[RECORDED DATA]:

- Opening Delimiter -

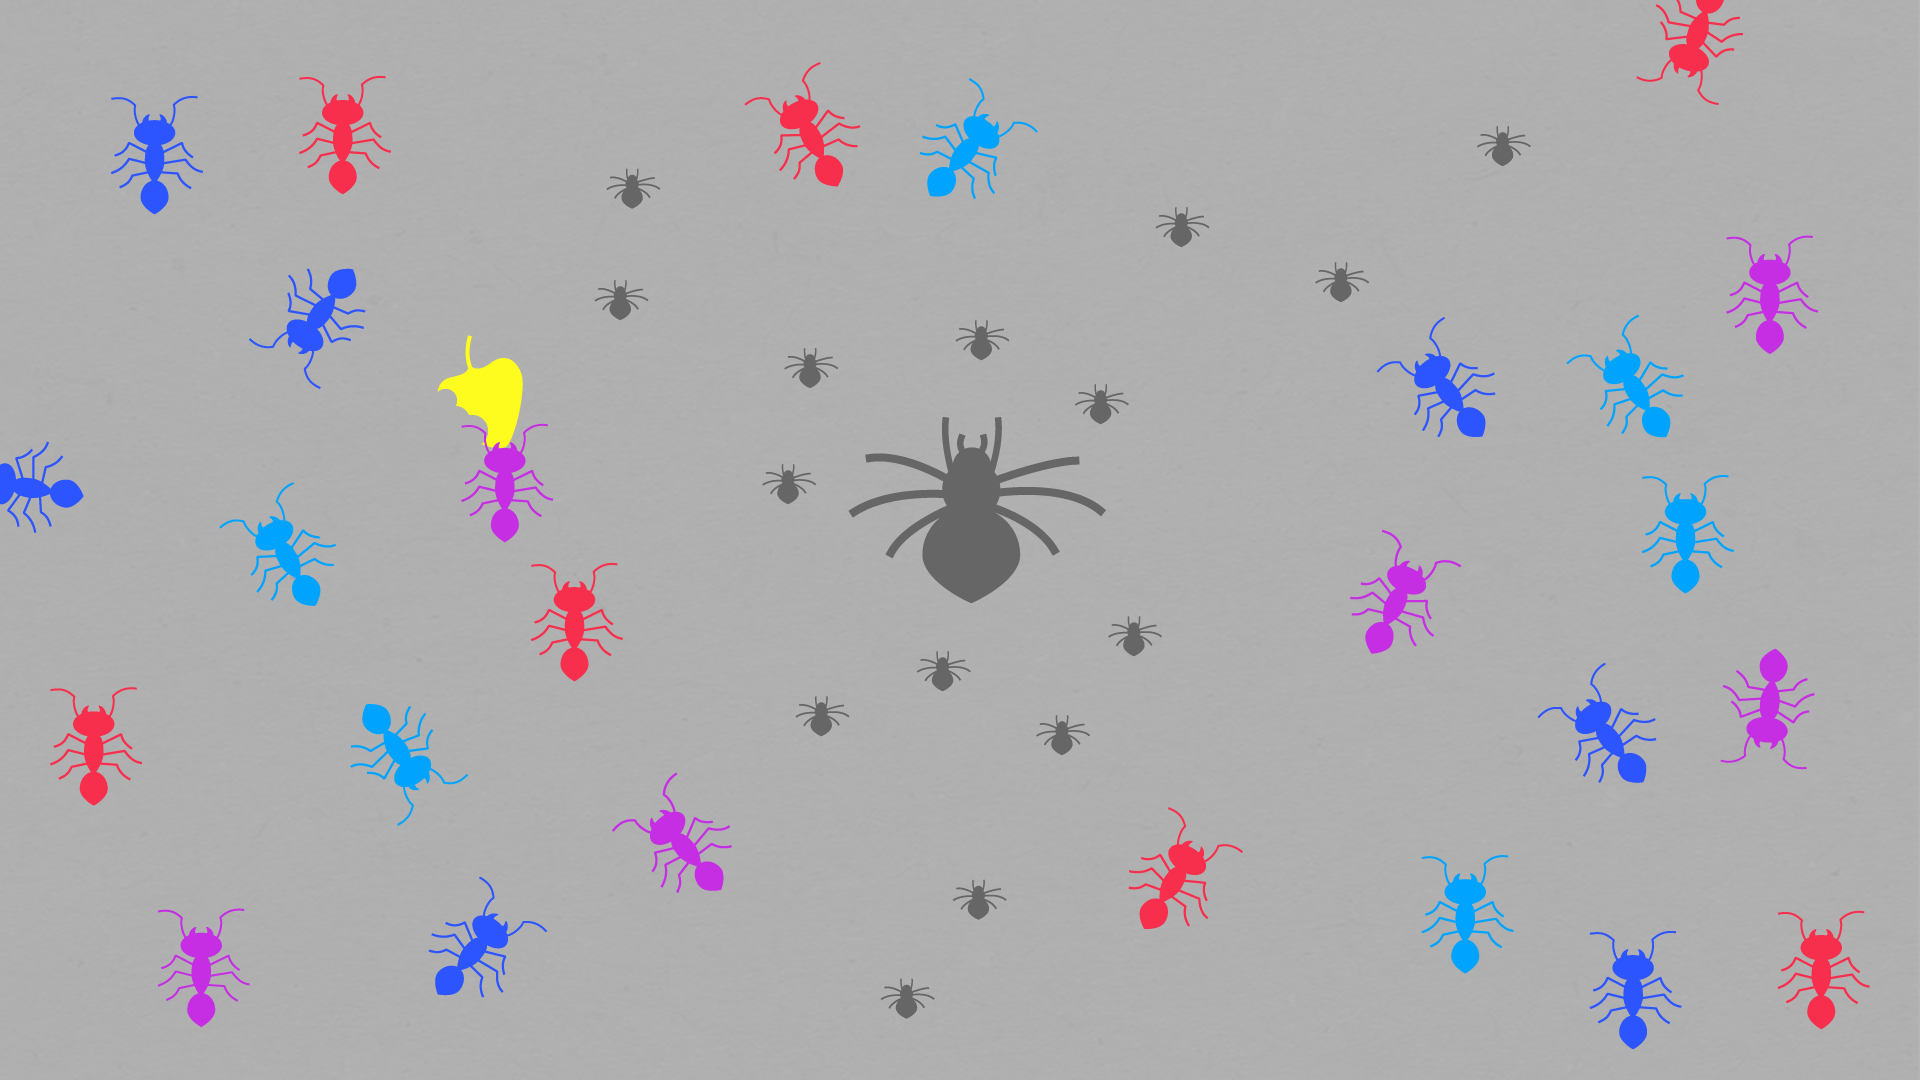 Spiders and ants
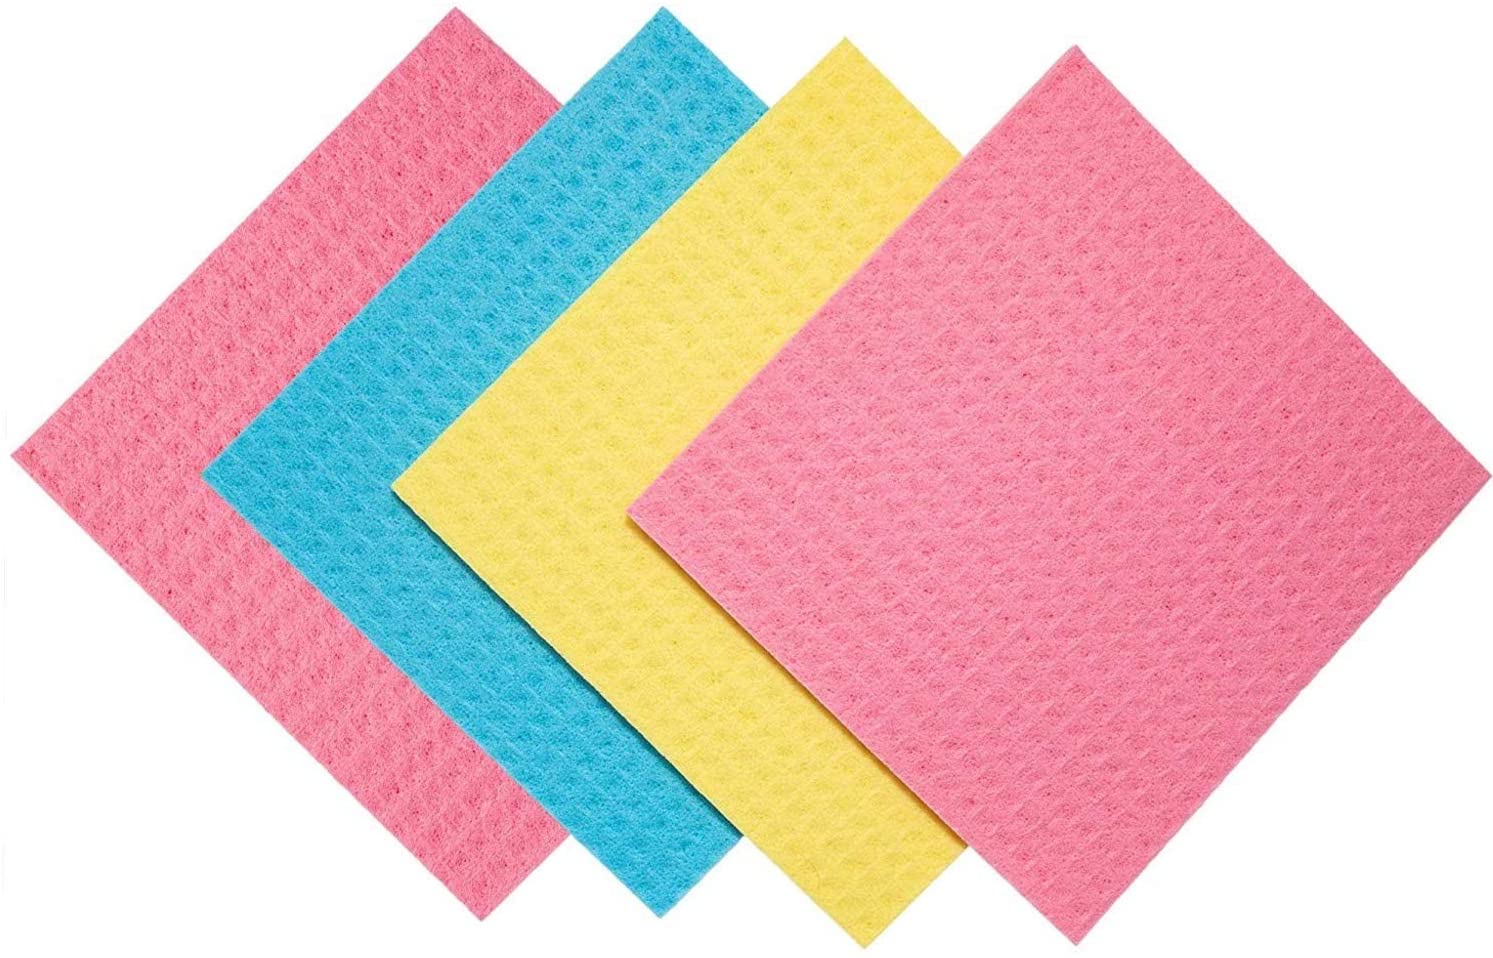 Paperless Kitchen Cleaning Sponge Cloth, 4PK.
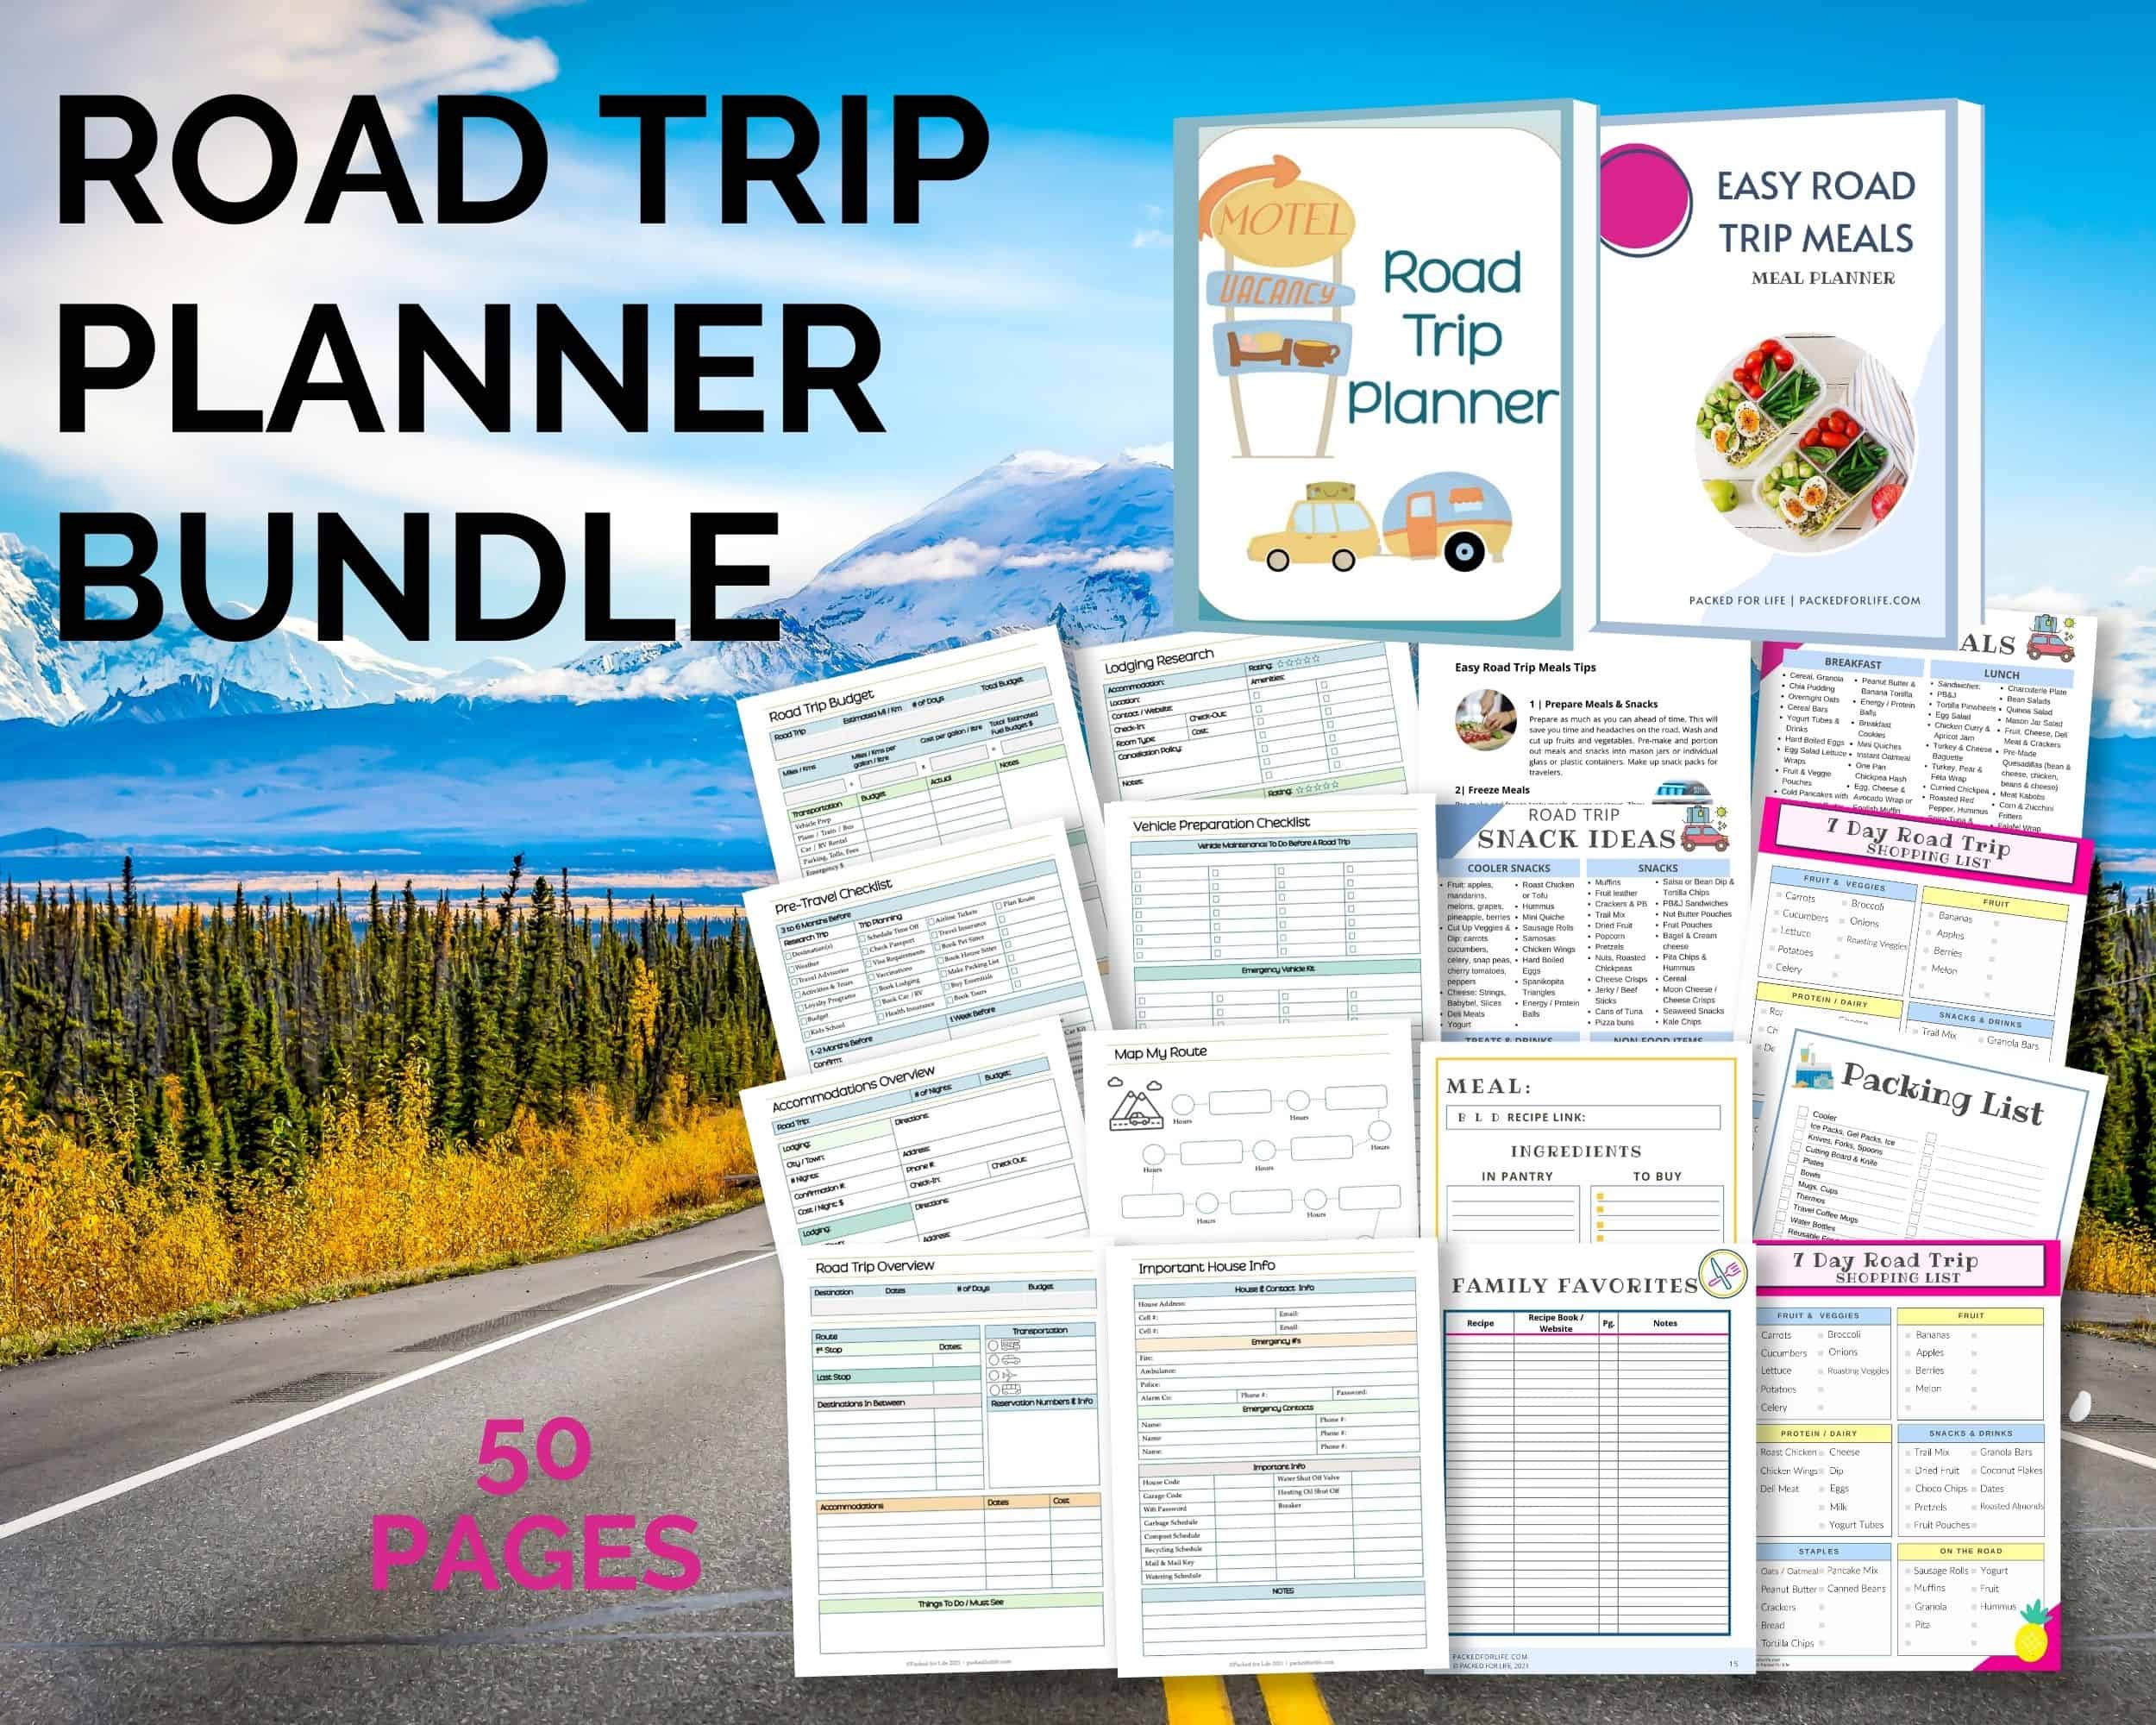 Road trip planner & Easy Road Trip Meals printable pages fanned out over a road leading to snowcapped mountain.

- Closing Delimiter -

[WHAT YOU WILL DO]: What this calls for is a word-for-word copy of the listing above, pictures excluded.

[RESULT]:
 Spiders and ants
 Paperless Kitchen Cleaning Sponge Cloth, 4PK.
 Road trip planner & Easy Road Trip Meals printable pages fanned out over a road leading to snowcapped mountain.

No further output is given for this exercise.